Mesmo sabendo que em seus devaneios ele não a ouvia, sua companheira tentava replicar. Eu não me contive, ouvi calado toda aquela história, mas em dado momento perguntei quais foram os motivos que levaram o senhor “Neguinho das pedaladas”, como a sua esposa o chamara, todas as noites ter seu sono agitado, então a esposa me falou que num determinado dia ele pegou a estrada da mata para cortar molhos de palmeira, fazerem cestos e venderem. era assim teriam mais uma renda no final do mês, e ao chegar lá levou uma carreira danada, escondeu-se atrás de uma moita e viu o danado de um preá pendurado na boleia do caminhão, retornou pela estrada, ao longe encontrou uma casa com varanda e ali estava uma menina sentada numa rede balançando pregada em dois esteios, quando ela olhou começou a gritar, “ai, sai seu Zé”! Ele disse que correu para acudir a tal menina, pois pensou que ela estava em apuros, olhou para os lados e sem querer avistou um bezerro voando, dizendo que quando olhou o bezerro o referido pedia passagem, minha filha, meu marido disse que em dado momento sentiu tanto medo que caiu de ribanceira abaixo, arranhou-se todinho, desmaiou e quando acordou tinha um passarinho cantarolando ao lado, bem que te vi...era um bem te vi, foi assim que ele voltou para casa desanimado, amarelo, muito chateado porque não conseguiu o que queria, daí por diante ficou desse jeito desmemoriado, mas quando dorme lembra tim, tim, por tim, tim, é inacreditável.

- Como você conheceu “Neguinho das pedaladas”?


- Conheci-o, respondeu Virna, se apresentando nos semáforos, nos pontos de ônibus lotados das praças, com uma bola e uma bike aro 29, ora ele estava com a bola na cabeça, ora com a bicicleta, sempre fazendo suas piruetas, daí a população o batizou carinhosamente com esse nome, fui embora, porém quinze dias depois retornei e o encontrei com da primeira vez fazendo as mesmas coisas, então sentei ao lado esquecendo-me do tempo e quando ele terminou seu trabalho me cumprimentou com um sorriso, conversamos por horas intermináveis e para encurtar a história, o senhor acredite ou não, em pouco tempo estávamos casados, mas como lhe relatei, após o trauma sofrido ele foi diagnosticado com a síndrome do pânico, não pode ficar um só instante sozinho, porém teve um dia que me descuidei dele e senti que alguém tentava despertar-me, abri os olhos e ainda sem acreditar, este alguém com uma folha de papel nas mãos diz por entre o espesso vidro transparente,

- Cuidado com o “coelho”! Procurei embaixo dos bancos na sala de espera do consultório e não vi coelho algum, isso deveras me assustou, porque aquela não era a minha intenção de machucar qualquer animal, e continuo falando porque as pessoas ao redor não retiravam os olhos de mim,

- Qual coelho o senhor está a falar?
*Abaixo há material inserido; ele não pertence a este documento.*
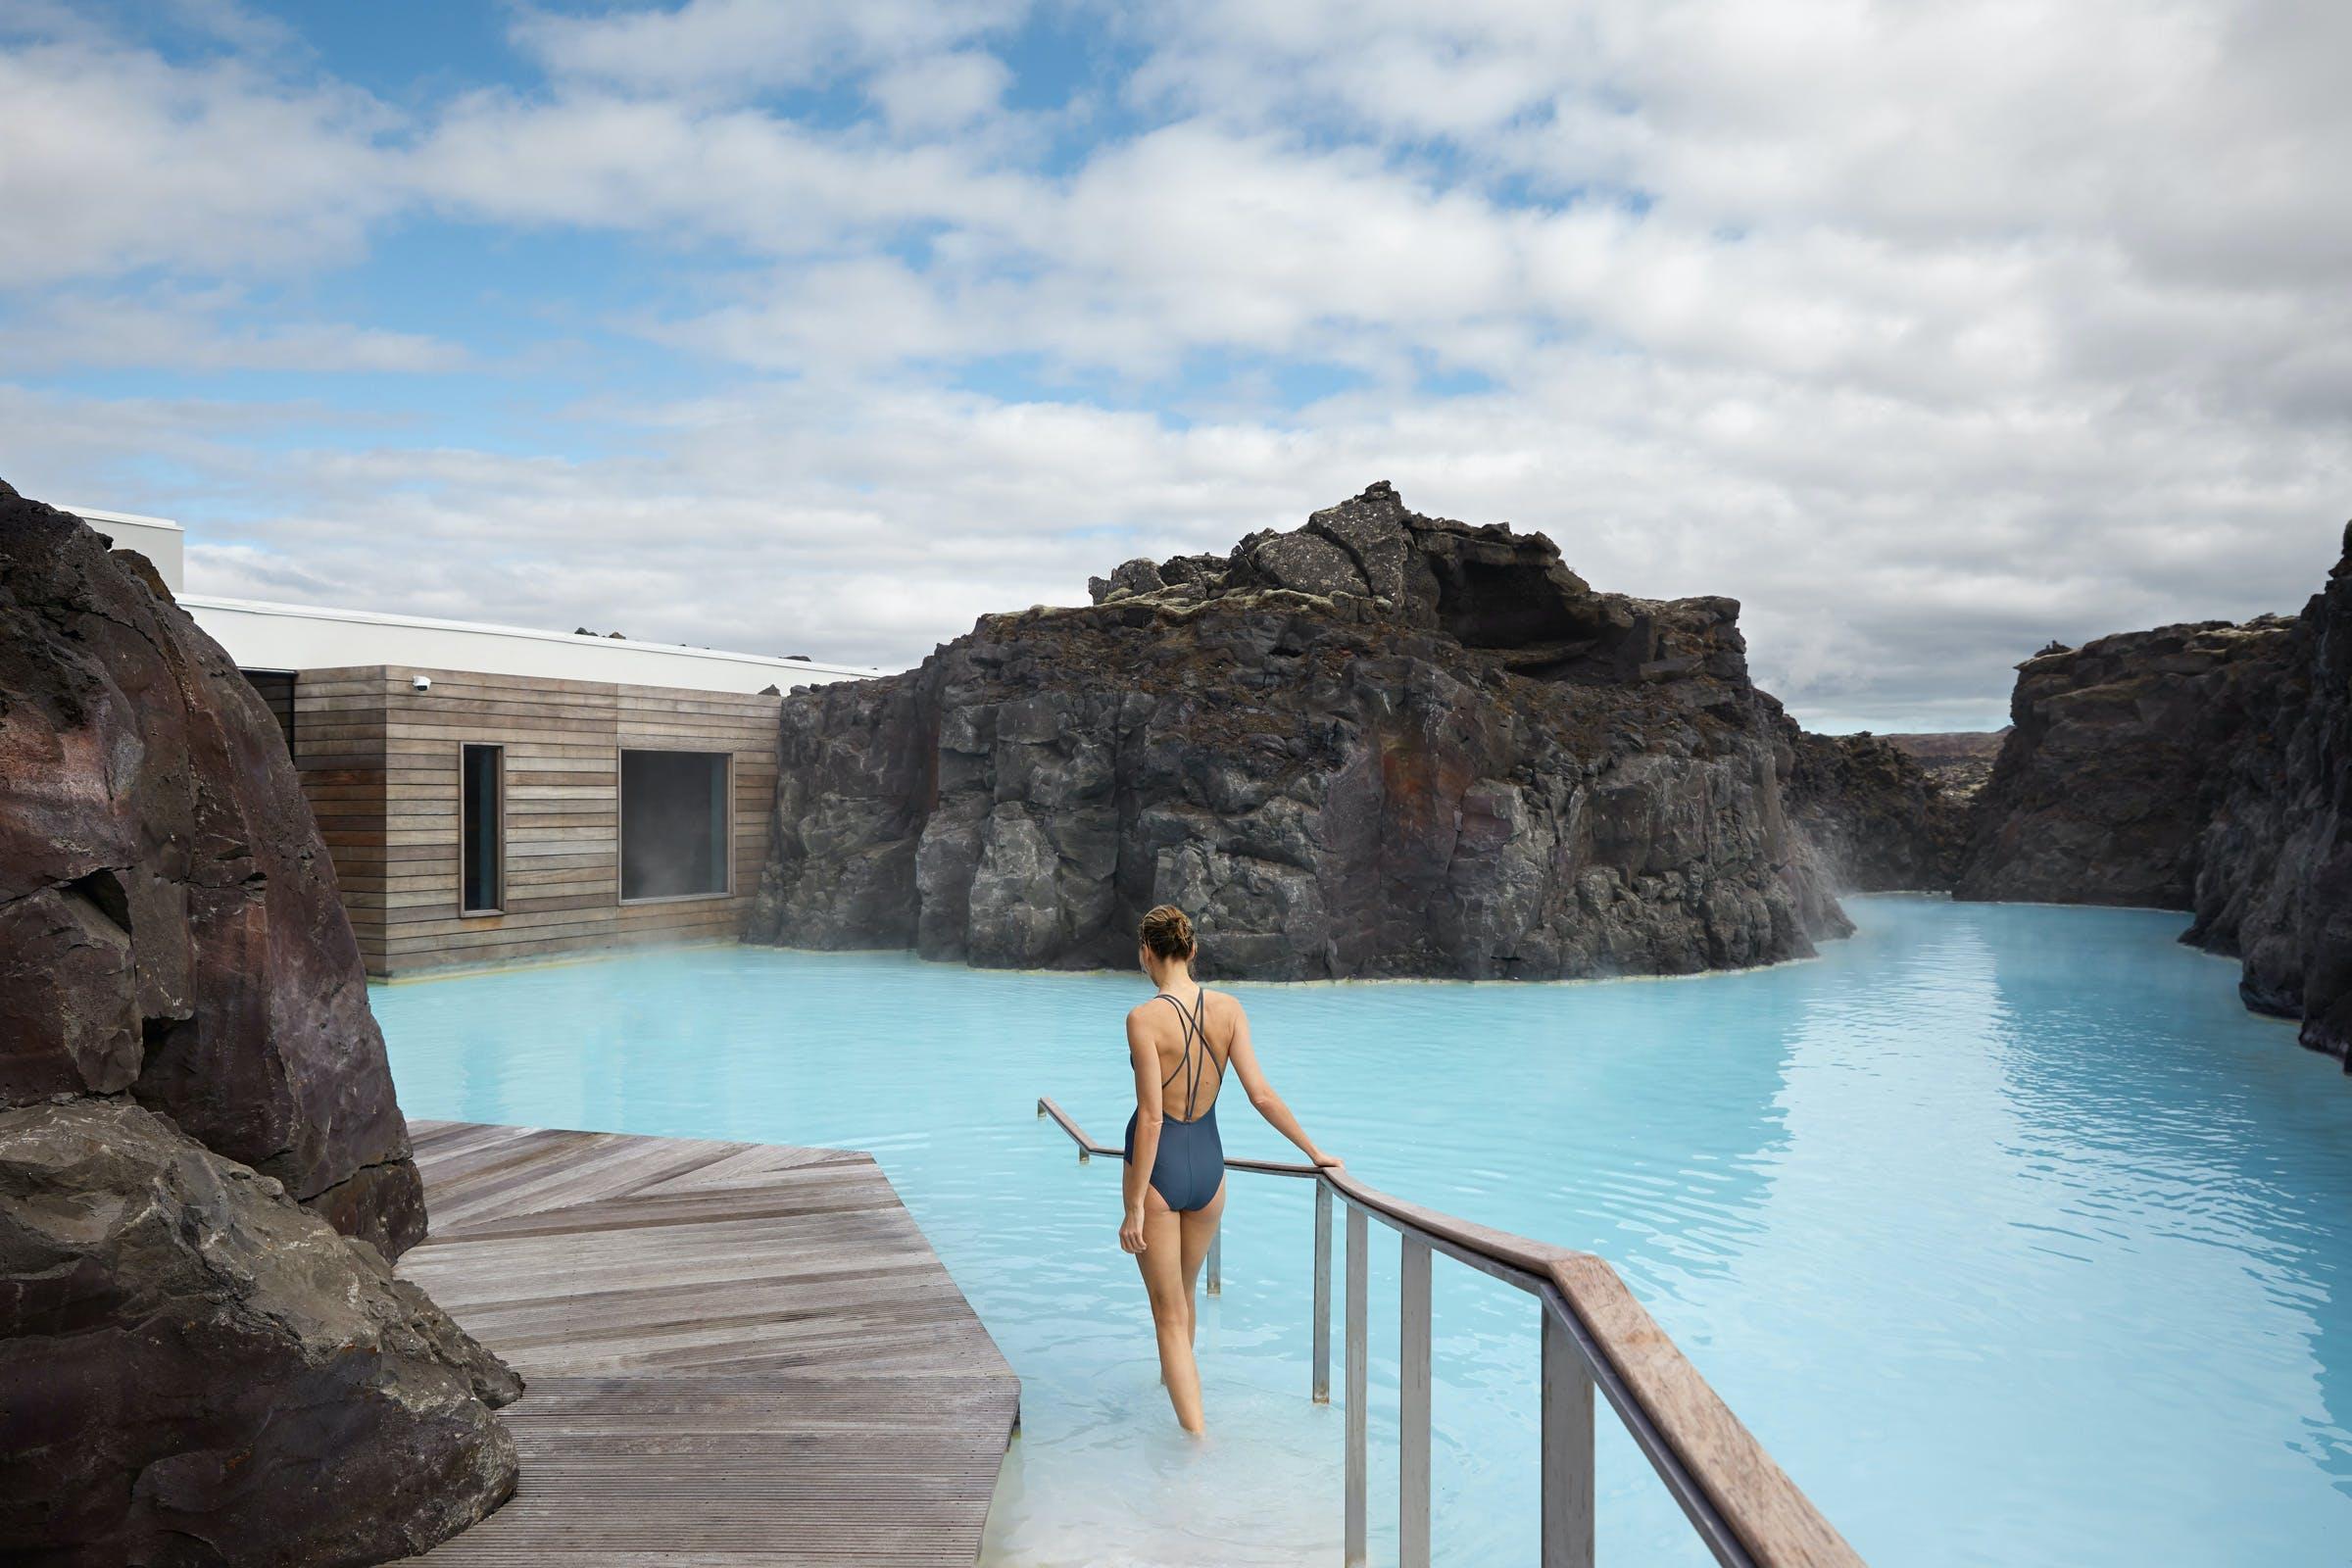 A woman bathing in the Blue lagoon retreat

Por aqui não passou nenhum bicho, mas o homem abre a estreita porta com cuidado, caminha na minha direção aparentando um pouco de preocupação, e sem deixar de sorrir, retruca apontando o local, nossa, que equívoco, eu pensei comigo mesma, 

- Senhora, o seu “joelho” está inchado, por isso falei que precisa ter cuidado com ele, aqui tem mais espaço, colocando um banco para que eu estirasse a minha perna, agradeci a gentileza e retribui o sorriso amável daquele homem, assim novamente fechei os meus olhos e continuei a ruminar os meus pensamentos que naquele instante eram muitos, dez minutos depois fui interrompida, chamaram-me pelo nome, chegou a minha vez de entrar para fazer o exame tão esperando, porque coração não é brinquedo e enquanto ele continuar pulsando, haverá dentro de mim uma paixão escondida no seguimento da própria vida. 
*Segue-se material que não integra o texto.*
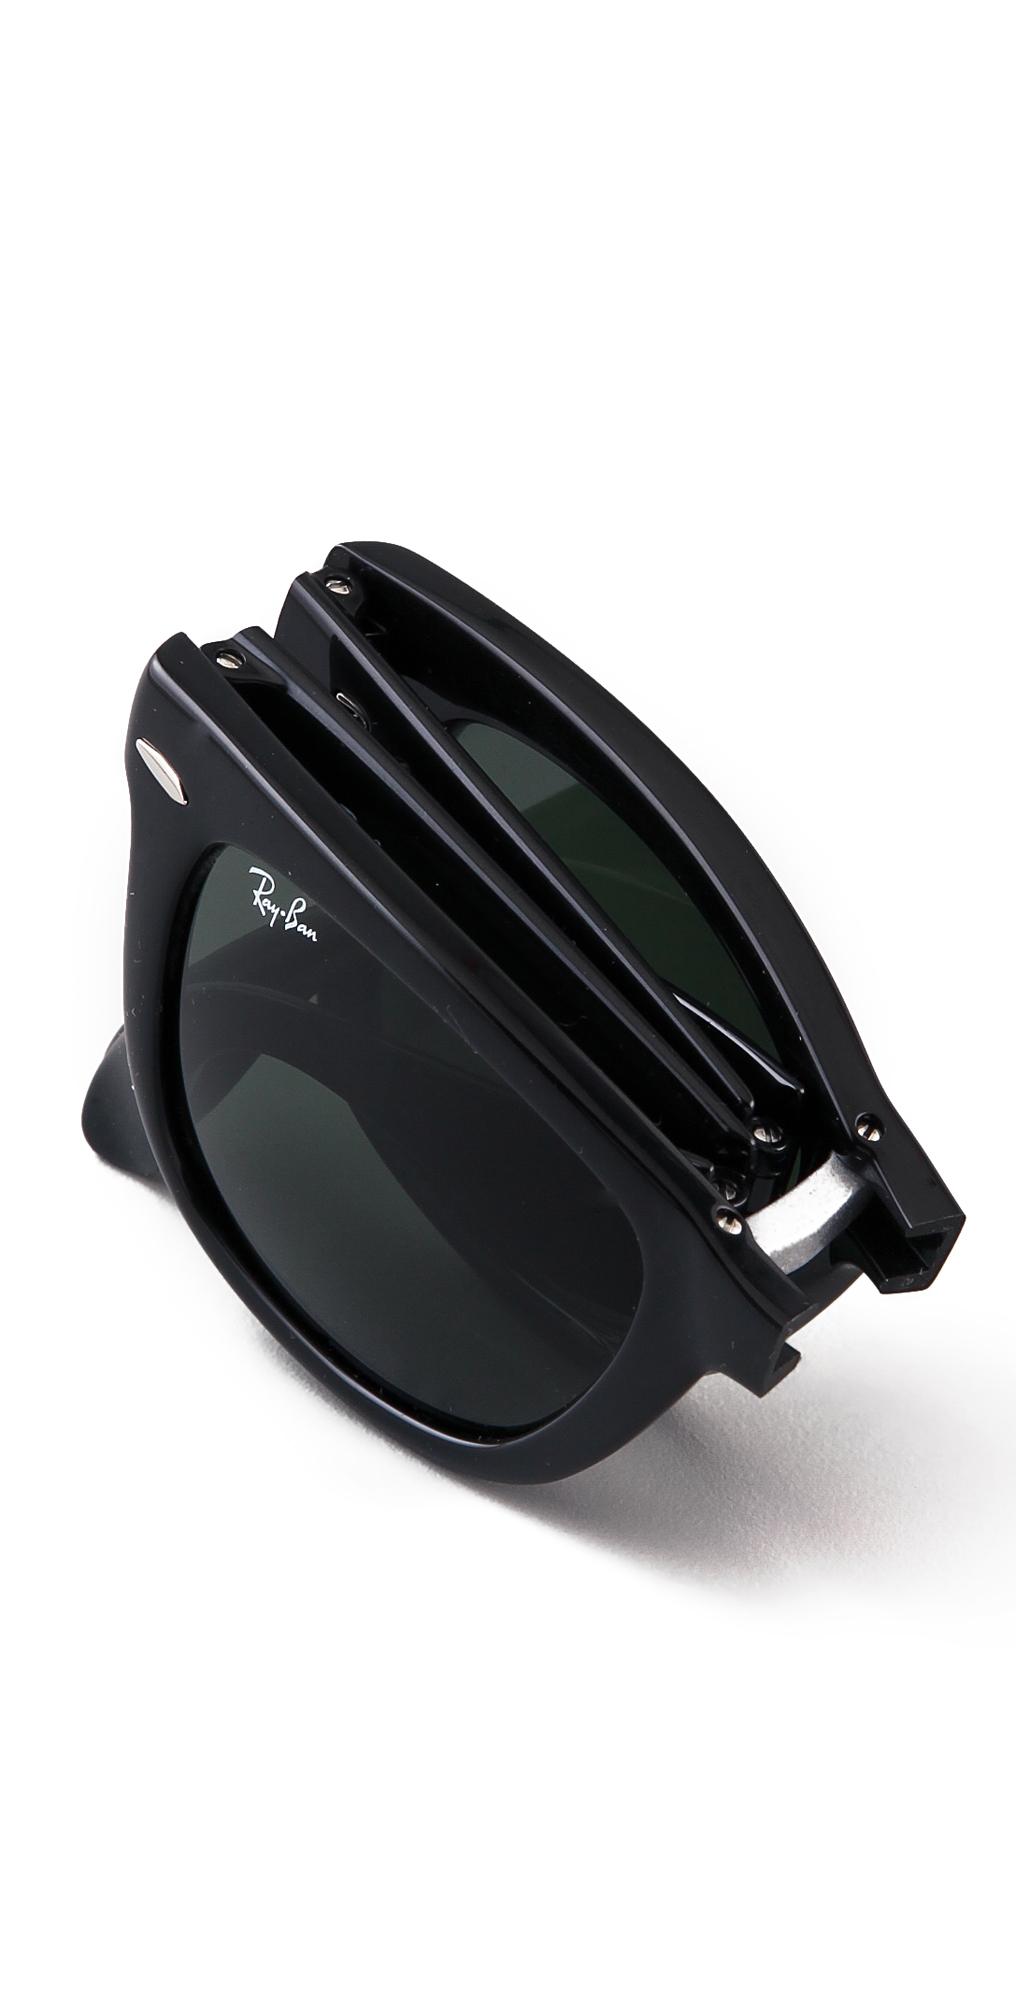 ray-ban-blackgreen-folding-wayfarer-sunglasses-product-1-13453195-492608285.jpeg

Pousando aqui e acolá, o homem escreve momentos enquanto que a mulher mesmo freando seu ego, sai descrevendo sentimentos, e outros nem isso fazem, se isolam do mundo, mas o amanhã é uma incógnita, cheio de surpresas, e nas idas e vindas retornam para o mesmo lugar, é por isso que mantenho vários cadernos atualizados e guardados.